(fotografato a Monte Gennaro - Monti Lucretili - Lazio)


(fotografato a Sonnino - Monti Ausoni - Lazio)


(fotografato a Ostia Antica - Lazio)
Cerastium glomeratum Thuill.


Caryophyllaceae. Pianta erbacea di 5-25 cm, coperta di peli a stella e glandolosi, soprattutto nella parte superiore, con fusti eretti e dicotomi, nella cui divaricazione cresce una piccola solitaria infiorescenza con breve picciolo, posta tra 2 foglie sessili opposte. Foglie generalmente ovali o subspatolate- lanceolate,acute, opposte e sessili, che non superano 1.5 cm di lunghezza. Fiori agglomerati, in cime compatte ripetutamente dicotome, munite di foglie bratteali, provviste di lunghe ciglie barbute. I fiori con petali bianchi, incisi, glabri, generalmente cigliati alla base, uguali o superano i sepali. Calici con sepali liberi e persistenti, scariosi al margine, quelli esterni superati da un ciuffo di peli semplici.

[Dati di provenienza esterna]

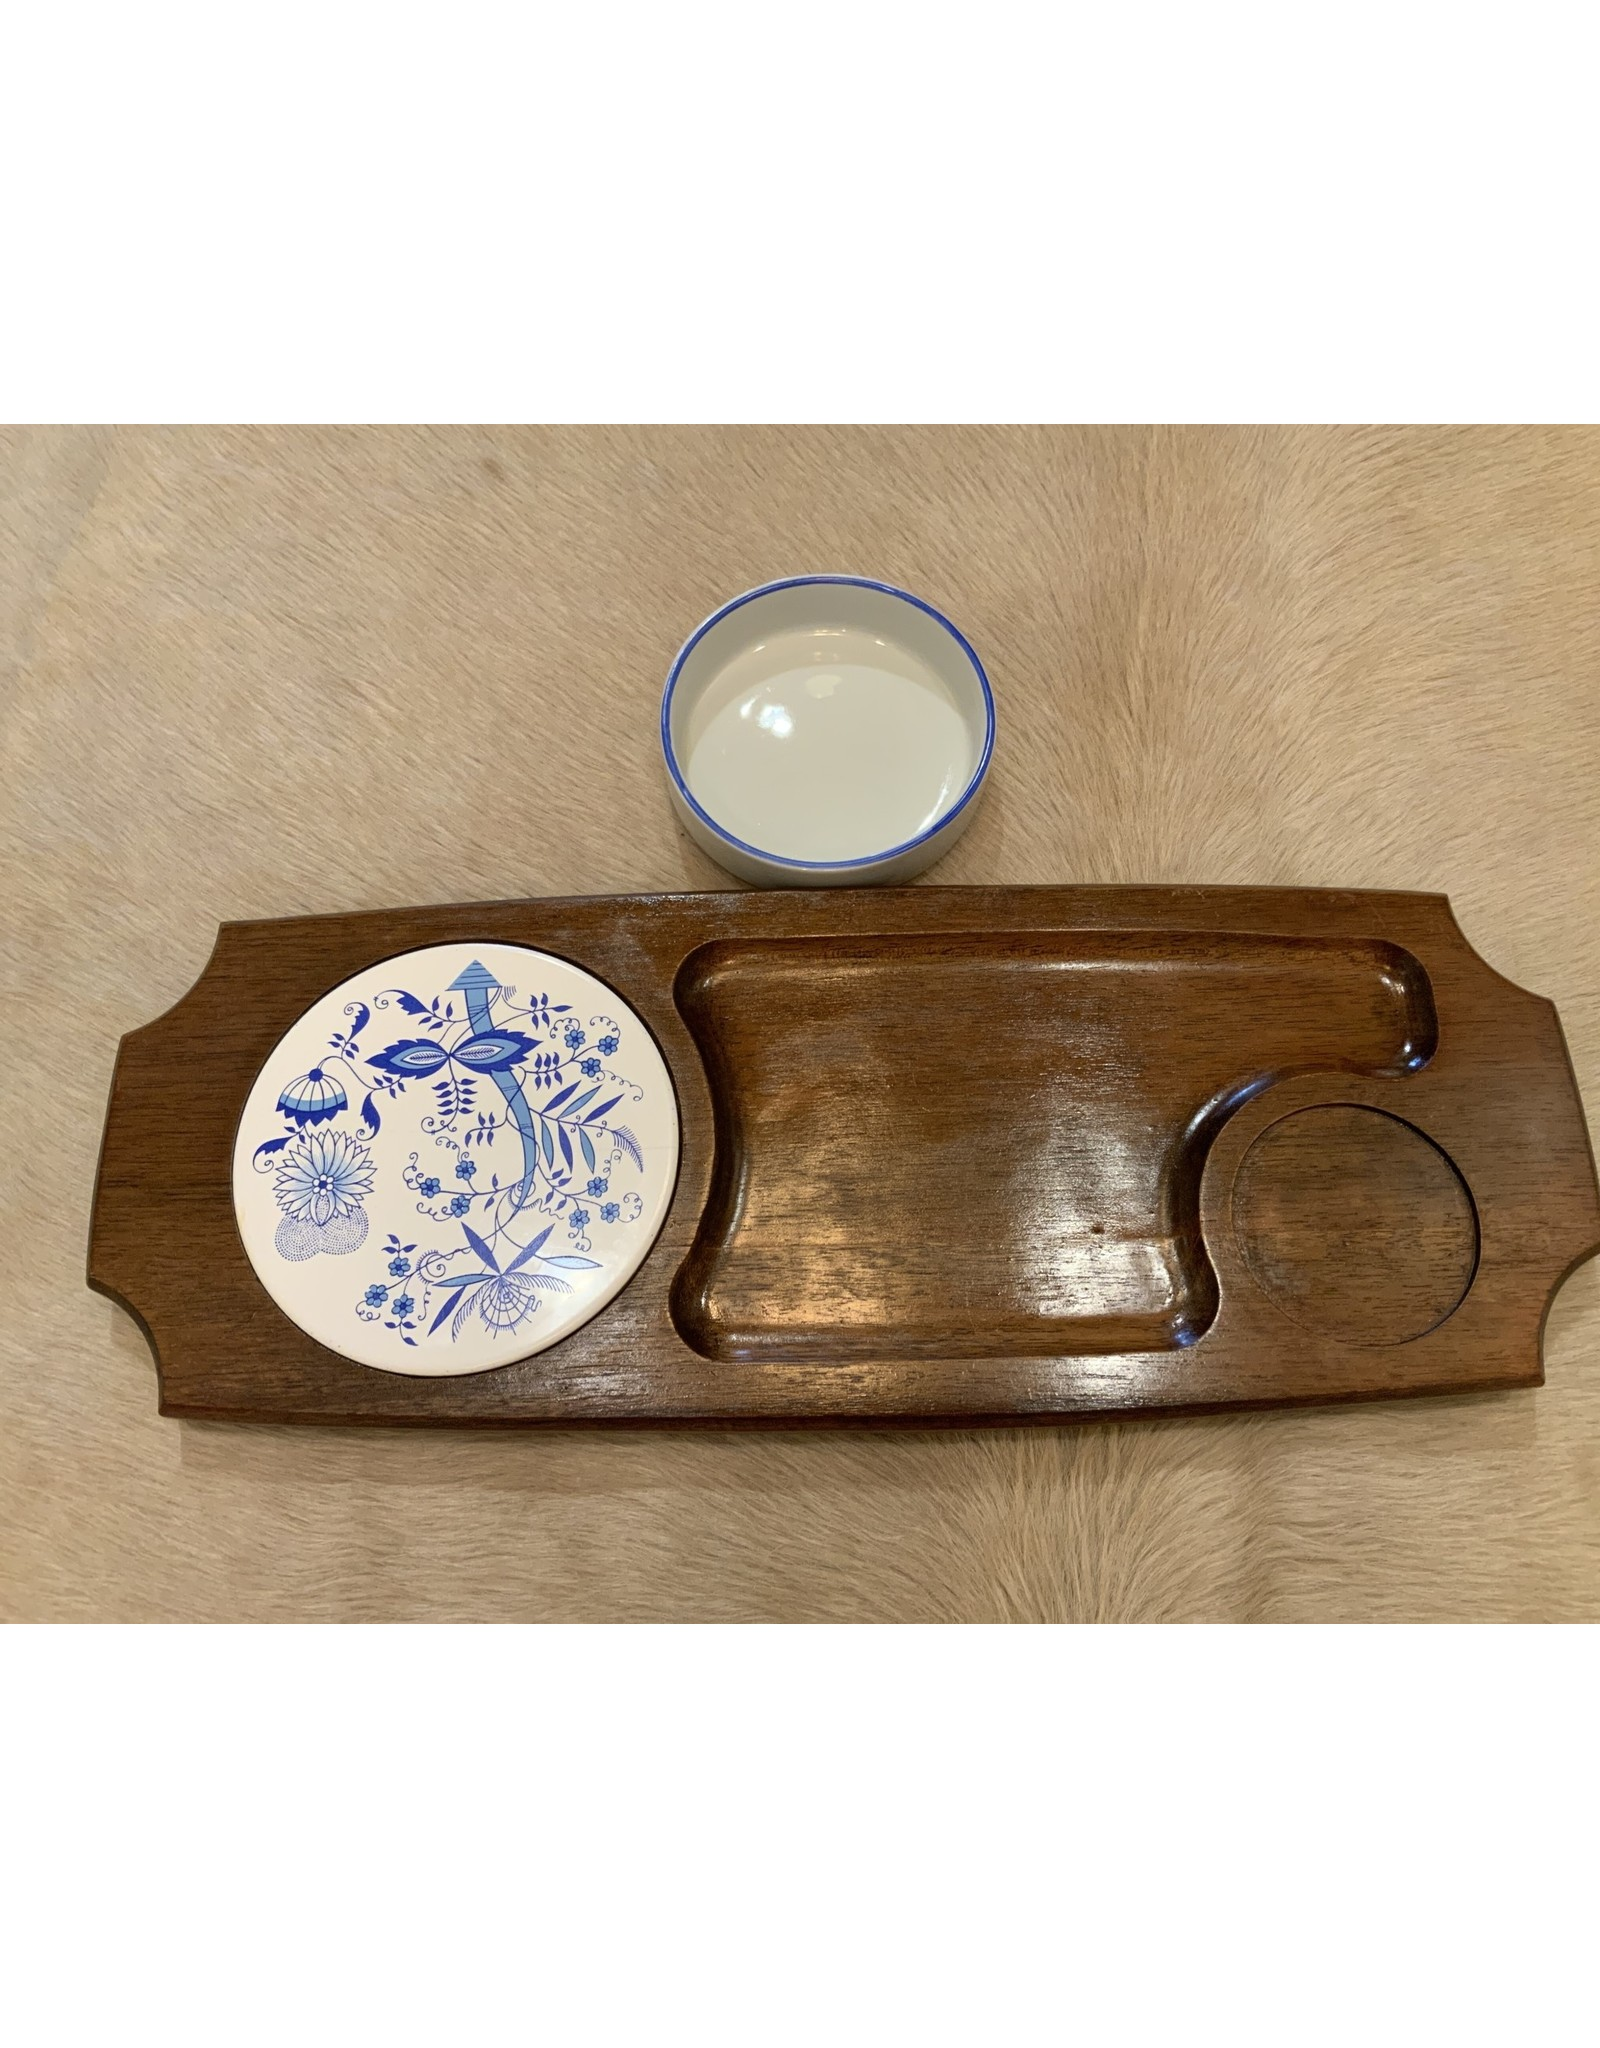 SPV Retro Wood Cheese Serving Tray

Fiorisce in ogni mese dell'anno
Incolti, vigne, infestante delle colture, cresce su ogni tipo di terreno dal piano fino a 1400 m.
Puo essere confuso con:
Cerastium holosteoides Fr. che si contraddistingue quale pianta perenne, generalmente senza peli ghiandolosi, con fusti ascendenti radicanti e piccole foglie lanceolate. Infiorescenza ricca su peduncoli, ma non a glomeruli. Sepali 4-6mm, petali lunghi 0,9-1,3 volte tanto.
Cerastium brachypetalum subsp.tenoreanum (Ser.) So & Jv., con soli peli semplici rivolti verso il basso. Infiorescenza su peduncoli, non a glomeruli.